Continua protegido, embora quem indemniza possa variar consoante o caso. Ao contrário do que muitas vezes se pensa, o seguro do veículo furtado garante, em regra, as indemnizações devidas pelos autores do furto aos terceiros de boa fé (artigo 15.º, n.º 2, do Decreto-Lei n.º 291/2007). Por isso, se o carro estiver identificado e tiver seguro válido, quem indemniza a vítima é a seguradora desse veículo, que pode depois exigir ao ladrão o reembolso do que pagou (artigo 27.º, n.º 1, alínea b), do mesmo diploma). O Fundo de Garantia Automóvel só é chamado quando o veículo não é identificado ou não tem seguro válido e eficaz (artigo 49.º). Nesse cenário, os danos corporais são garantidos, mas os danos materiais, quando o responsável é desconhecido, apenas em condições mais limitadas. Se mais tarde for apanhado, o Fundo pode exigir-lhe o reembolso do que pagou. O modo de o acionar é explicado na resposta sobre como funciona o Fundo de Garantia Automóvel.

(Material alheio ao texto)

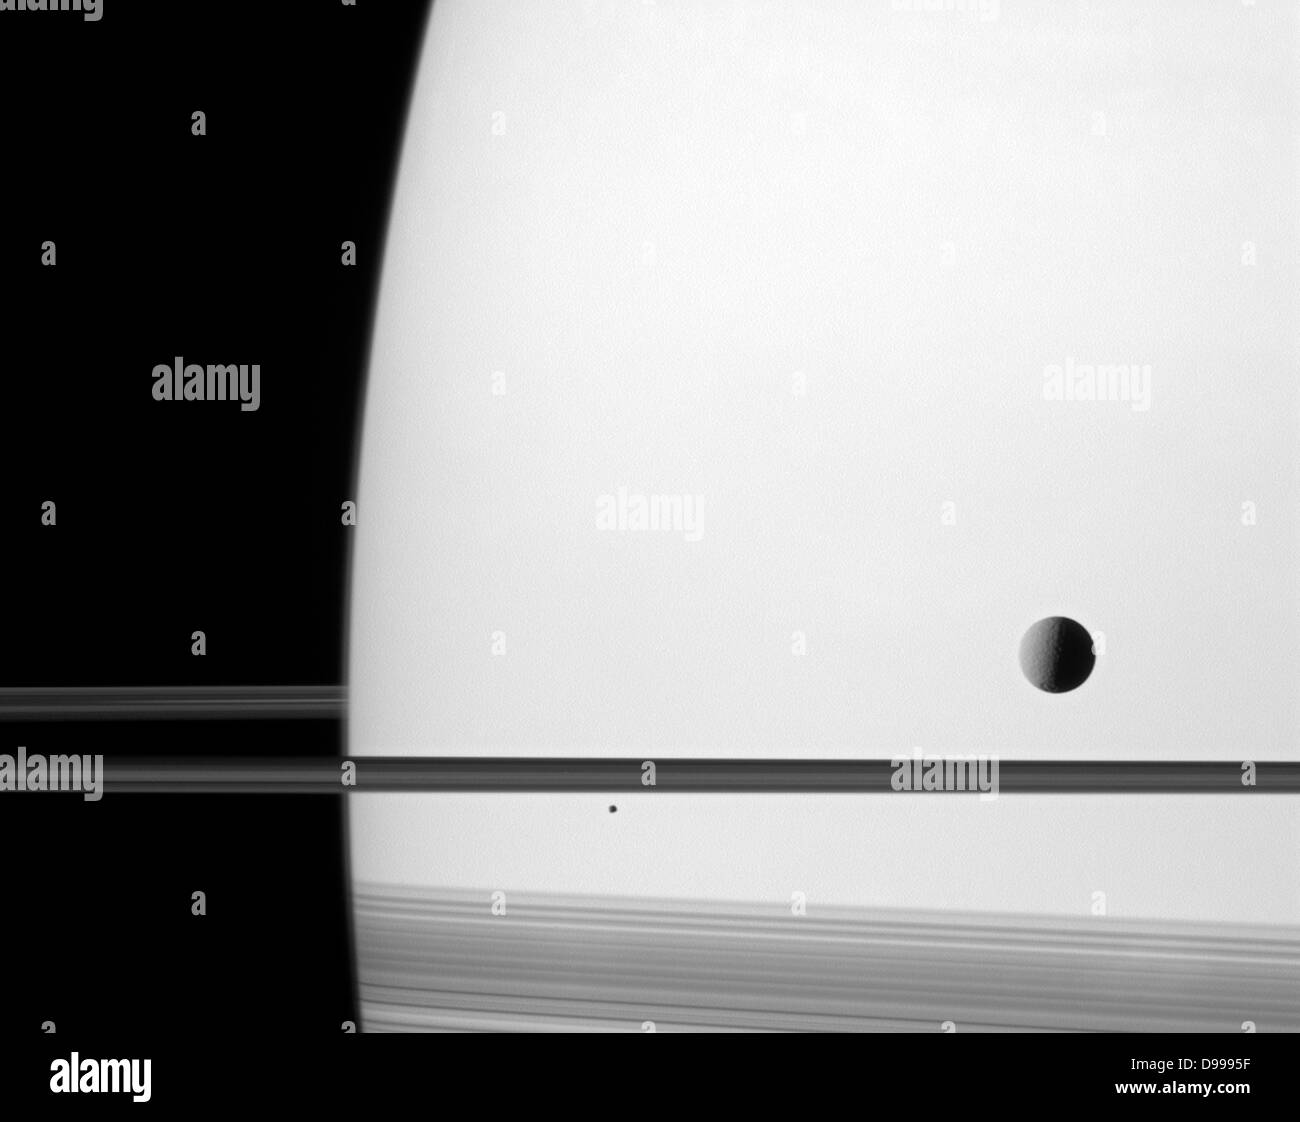 Schatten durch die Ringe des Saturn cast Abdunkeln der südlichen Hemisphäre des Planeten und eine verkürzte Darstellung am unteren Rand dieser Raumsonde Cassini Image zu geben. Stockfoto

Em regra, sim. Mesmo quando a manobra foi deliberada, o episódio nasce da circulação rodoviária e tende a ser tratado como acidente de viação. A própria lei prevê expressamente que o seguro obrigatório garante as indemnizações devidas mesmo nos acidentes dolosamente provocados (artigo 15.º, n.º 2, do Decreto-Lei n.º 291/2007). Na prática, a seguradora paga primeiro à vítima. Como houve dolo, pode depois exigir ao condutor a devolução de tudo o que pagou, através do chamado direito de regresso (artigo 27.º, n.º 1). Foi assim que o Supremo Tribunal de Justiça decidiu num caso de atropelamento intencional, condenando a seguradora a indemnizar a vítima e reconhecendo-lhe o direito de regresso contra o condutor, no Acórdão de 17 de janeiro de 2013 ↗. Coisa diferente é a responsabilidade criminal. A seguradora responde pela indemnização, que se trata no âmbito civil. O crime, seja a ofensa à integridade física, seja o homicídio ou a sua tentativa, é pessoal. Preenchido o tipo de uma norma incriminatória, é tratado no âmbito do direito criminal. Nenhuma apólice o cobre e quem o cometeu responde no processo-crime, com a pena que vier a ser aplicada. Como sempre nestes casos, tudo depende da prova sobre o que aconteceu e sobre a intenção de quem conduzia. Nestas situações correm lado a lado dois processos, o civil da indemnização e o processo-crime. Pela nossa experiência, ajuda ser acompanhado por uma equipa de advogados que trabalhe as duas áreas, a responsabilidade civil e o direito criminal, para que nenhum dos planos seja descurado.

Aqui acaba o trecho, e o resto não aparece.